A pained look crossed her face and she sat right back in the couch, away from me. I reached out to hold her hand, but she snatched it away, placing it over the scar on her arm instead. Taking a deep breath she began, “Growing up my Dad sheltered me from the club a lot. Sure, I knew the guys and they were my family, but I didn’t know about the guns, the drugs or the violence. You know that already. When I started seeing it, I wasn’t concerned by it, or so I thought,” she stopped for a moment, getting herself together, “Until that night, J. When I saw what you were capable of and what Scott was capable of, it freaked me the fuck out. Neither of you seemed fazed by what you did, and at the time it bothered me; I didn’t know how to deal with it. I also felt guilty that it was all my fault.”
“Rob was trying to rape you, Madison. He had sliced your fucking arm and attacked you, and I couldn’t stop him so I did what I had to do,” I pointed out, calmly.
“I get that but the way you two just dealt with his body and carried on like nothing had happened... I found that hard to comprehend,” she was honest, and even though I didn’t like what she was saying, I was relieved that she was finally being open with me.
“Do you think that I like that part of me?

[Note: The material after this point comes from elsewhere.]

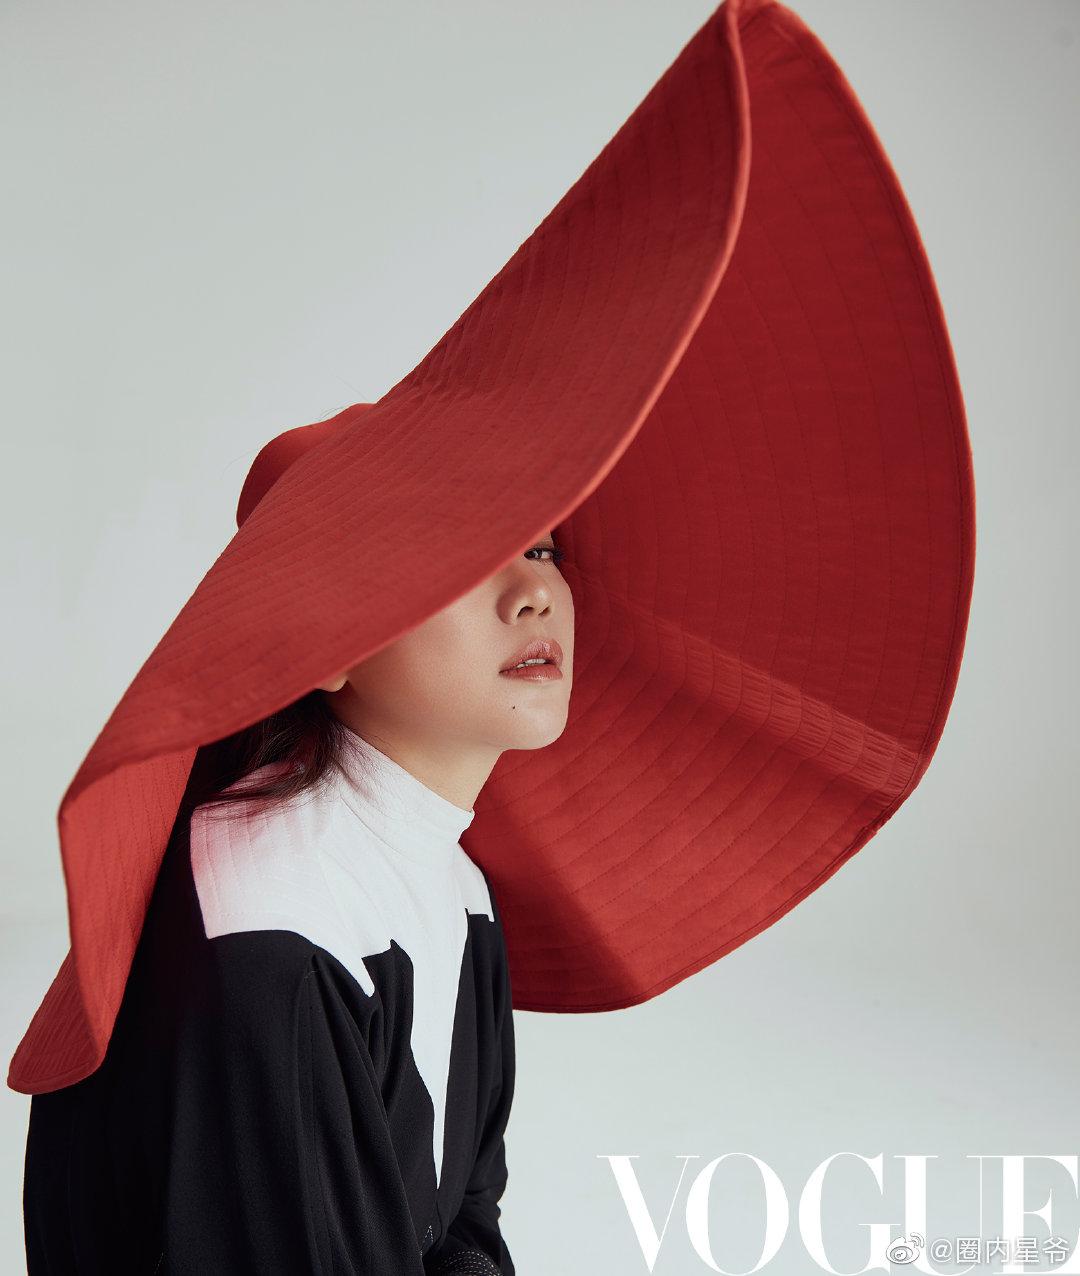 演员闫妮的时尚大片,深V连衣裙搭配飘逸波浪长发

That I enjoy doing the dirty work that being in the club requires? I fucking don’t. But I do it for a reason. And six years ago, when I fell in love with you, my reason became you.”
Her eyes widened, and for a moment she just stared at me. I had no idea what she was thinking until she finally said, “I know. I realise that now, J, but I didn’t back then. I didn’t work that out until I talked to my Mum yesterday. I get it, and I’m okay with it.”
I cocked my head, “Really, baby? How can you go from not sure to totally okay in a day?”